When a friend lent me the book “Pure Colour” by Sheila Heti this summer, what surprised me was the faithfulness to the first questions and complete lack of consideration for the last one. The book is honest right up to (but not to) a fault: Heti says exactly what she thinks, what she feels to be significant enough to bind up in a book and distribute. She is not interested in catering to modern tastes or appeals: hence the book’s 3.41 rating on Goodreads. After reading and being genuinely moved in a way few works of art have moved me in my life, I was shocked not at the people who found the book too obscure or eclectic, but at those who found it mediocre. And it occurred to me reading 3 star reviews: Some writers were unwittingly supplying the self-consciousness that Heti avoided writing with.

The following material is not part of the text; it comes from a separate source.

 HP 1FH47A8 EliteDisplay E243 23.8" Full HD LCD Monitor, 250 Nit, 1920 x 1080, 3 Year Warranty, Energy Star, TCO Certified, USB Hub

“Pure Colour,” as a book primarily about grief, looks unflinchingly at what it means to love and lose a parent. It does not cover up the uglier or more uncomfortable sides of this process to represent grief in a safe and pretty way. For some, this is a major transgression. Reviews belie the reviewers’ discomfort with how Heti presents love: One describes the motivating force of the novel, the narrator’s relationship with her father, in a shockingly stupid and insensitive manner: “daddy issues… perhaps more accurately termed enmeshment.” She takes issue with the “very deep earnestness” of the novel, which she finds juvenile — not like her mature and nuanced stance on how Mira has daddy issues, paired with a psychological term that says absolutely nothing of the actual success of the novel. Every work of art can be simplified to being “about” something, but even if, like this reviewer claims, “enmeshment” is the motivating force of the novel, how Heti treats it should be the relevant point, not how this reviewer (an author herself) feels about the topic itself. This should be obvious.

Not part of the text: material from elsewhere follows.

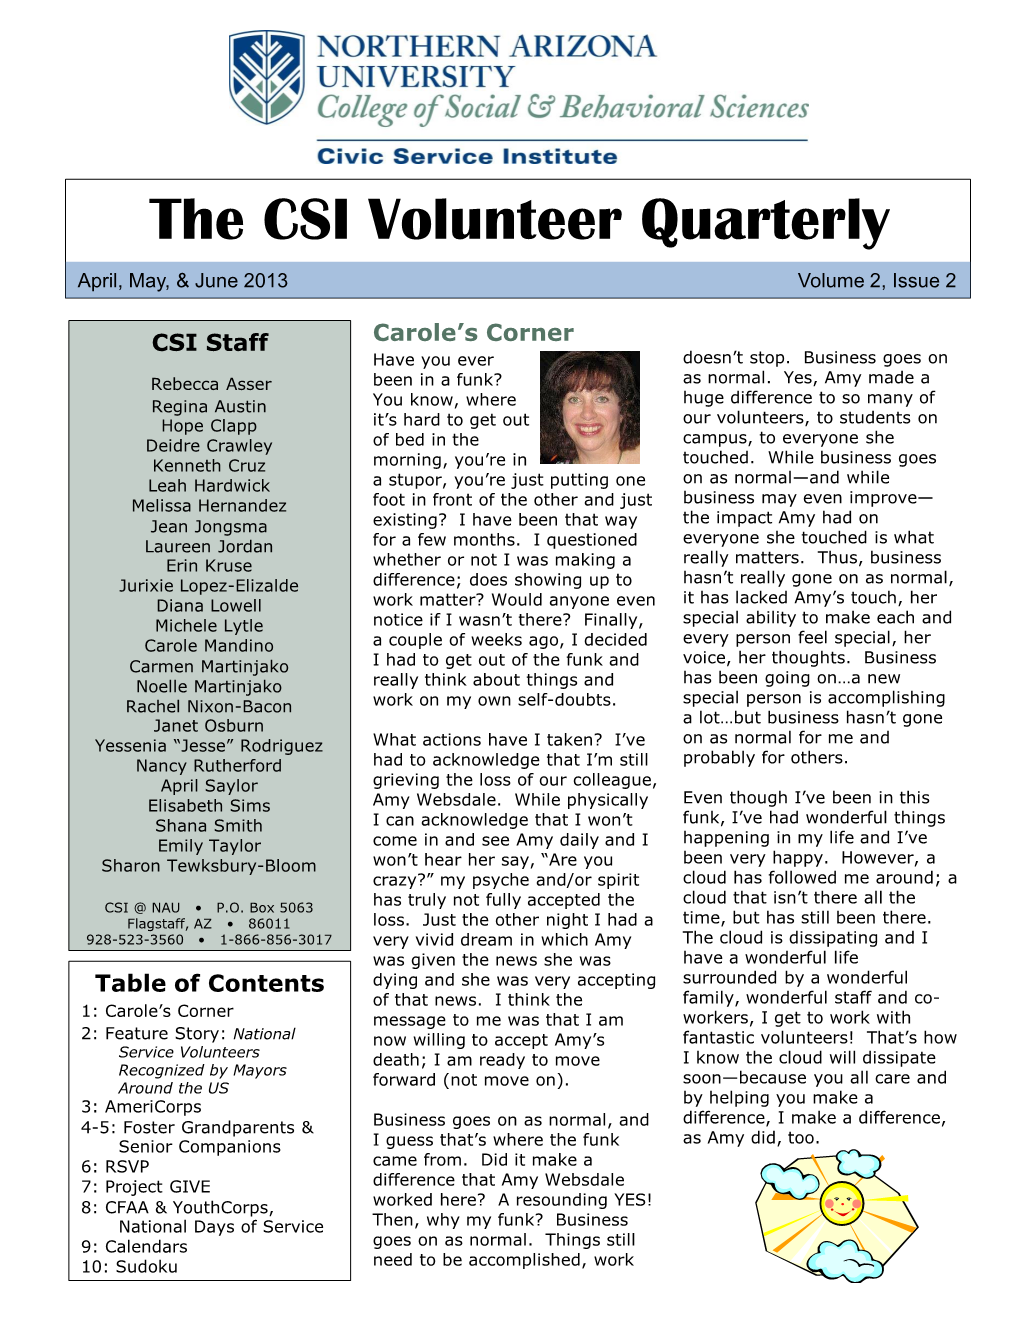 The CSI Volunteer Quarterly April, May, & June 2013 Volume 2, Issue 2

And — this tendency to simplify observations about love to psychological terms or faults is addressed directly in the novel, and this makes people’s reviews even more shocking. Heti herself looks honestly at the usefulness of the study of psychology, a sensibility that seeks ultimately to help people, even as arrogant as the systematic study of the human psyche present in psychology can be today. But her observations about the use of psychology to moralize and decide how we should approach family matters remain intact, despite the feeling that her work is too deeply earnest, or freudian, or overly-abstract or conclusive. It seems obvious from the novel’s format that Heti contradicts herself as Mira navigates her grief, but people seem to be trying to read an experimental novel as a philosophical treatise when it treats philosophy with tenderness and levity. Her conclusions about psychologists being bad (a major simplification, but one that keeps the spirit of one of the novel’s movements) is subtly contradicted multiple times and faulted for being an overly-simplistic view, and yet people review the book as if Heti staked her soul on this claim.
Generally, it seems that Heti’s sensibility is ahead of her time. The pretense of absolutely understanding people, their connections and what these connections mean through psychology is evident in the inability of people to accept Heti’s presentation of multiple contradictory truths about grief because they do not adhere to easy summary. Great works of art do not avoid embarrassment or humiliation, but end up often stumbling upon these things: finding worthwhile things to say requires working with uncomfortable and conventionally perverse, unsaid impulses. If anything, these ineffectual reviews speak to the greater artistic depth of the novel than the cliche and plaintive compliments it would’ve earned had it retained the self-consciousness that people approach the book with.